METHODOLOGY.md

Select File:
# Lockstep testing methodology — the playbook

How to apply Lockstep to a real BEAM library to find (or rule out)
concurrency bugs. This is the field guide we wrote while testing
Cachex, ConCache, lud/mutex, nimble_pool, and Hammer.

The bug-finding rate so far: **1 in 5 libraries**. Hammer's
`Hammer.Atomic.FixWindow.inc/4` had a real lost-update race against
`hit/5`. The other four are concurrency-correct under their public
APIs — which is itself useful information.

This doc is the recipe for getting to that signal.

## Contents

1. [When to reach for Lockstep](#when-to-reach-for-lockstep)
2. [Two paths: compile-rewrite vs test-only dep](#two-paths-compile-rewrite-vs-test-only-dep)
3. [The model-based linearizability template](#the-model-based-linearizability-template)
4. [Writing the model](#writing-the-model)
5. [Picking a strategy](#picking-a-strategy)
6. [Iteration counts and tuning](#iteration-counts-and-tuning)
7. [Beyond linearizability: fault injection, time-skew](#beyond-linearizability-fault-injection-time-skew)
8. [What Lockstep can and cannot reach](#what-lockstep-can-and-cannot-reach)
9. [Anti-patterns](#anti-patterns)
10. [Case studies](#case-studies)

## When to reach for Lockstep

Lockstep makes sense when you're testing code where:

- Multiple processes interact through shared mutable state (ETS,
  atomics, persistent_term, registered names).
- You need a *reproducible* failing schedule — vanilla concurrent
  ExUnit tests find races but throw away the trace.
- You suspect a race exists at non-trivial depth (3+ scheduling
  decisions away from a clear "first send wins").

It's overkill when:

- The code is sequential or has only one writer.
- You just want stress testing — `Task.async_stream` in a loop is
  cheaper.
- The race is already easy to catch (tight `:erlang.spawn` loops
  catch lost-updates 99% of the time, see the README's "Why bother").
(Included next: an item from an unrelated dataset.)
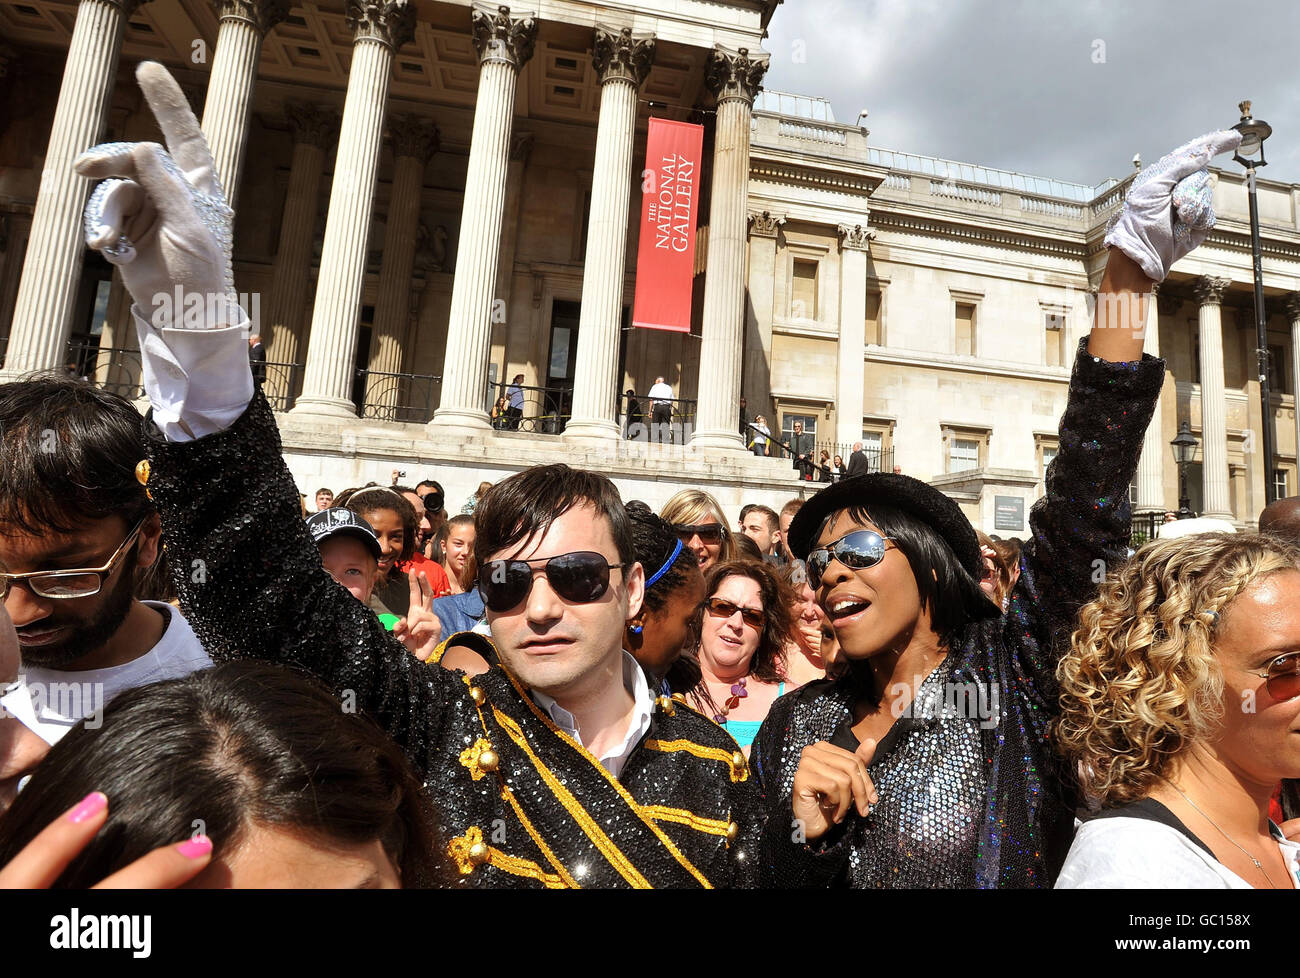 (De gauche à droite) Michael Lewis et Shimaya Jackson rejoignent des centaines de fans de Michael Jackson, après avoir dansé la routine de danse « Thriller », en hommage au chanteur américain qui est décédé récemment, à Trafalgar Square, dans le centre de Londres, cet après-midi. Banque D'Images

## Two paths: compile-rewrite vs test-only dep

There are two ways to point Lockstep at a library, with very
different tradeoffs.

### Path A: test-only Hex dep (workers controlled, library raw)

Add the library to `mix.exs` as `only: :test`. Workers run as
`Lockstep.Task.async/1` (controlled), call into the library, and
record into `Lockstep.History`. The library itself runs un-rewritten
on the real BEAM scheduler.

You get:

- Real-world concurrent behavior of the library (real scheduler).
- Lockstep manages worker scheduling and history recording.
- Linearizability checking against your model.

You don't get:

- PCT scheduling *into* the library's GenServer mailbox dispatch.
  Internal races aren't actively explored — you're hoping the BEAM
  scheduler hits them naturally.

Use this when the library is too heavy to compile-rewrite (heavy
macros, many transitive deps, kernel-level features). **Cachex** and
**Phoenix.PubSub** fit here.

### Path B: compile-rewrite via `Lockstep.MixCompiler` (full pipeline)

Clone the source, run it through `Lockstep.MixCompiler.compile/1`,
and `Code.compile_file/1` the rewritten output. The library's
internal `:ets`, `:atomics`, `Process.send_after`, `GenServer.call`,
`Process.monitor`, and friends all become Lockstep sync points.

You get:

- PCT (or any other strategy) scheduling *into* the library's
  internals — handle_call dispatch ordering, monitor cleanup
  ordering, message arrival sequencing.
- A genuinely-stronger correctness signal: bugs at depth 3-6 inside
  the SUT are findable.

You pay for it with:

- Source must be cloneable and compilable. Heavy macro libraries
  (Cachex's record-style state, Hammer's `__before_compile__`)
  may need partial workarounds.
- Some OTP idioms aren't reachable: `{:via, Registry, ...}` was
  blocked until [we added rewriting](lib/lockstep/rewriter.ex)
  for the via tuple itself; `:"$ancestors"` propagation is also
  needed for libs that read `Process.get(:"$ancestors")`.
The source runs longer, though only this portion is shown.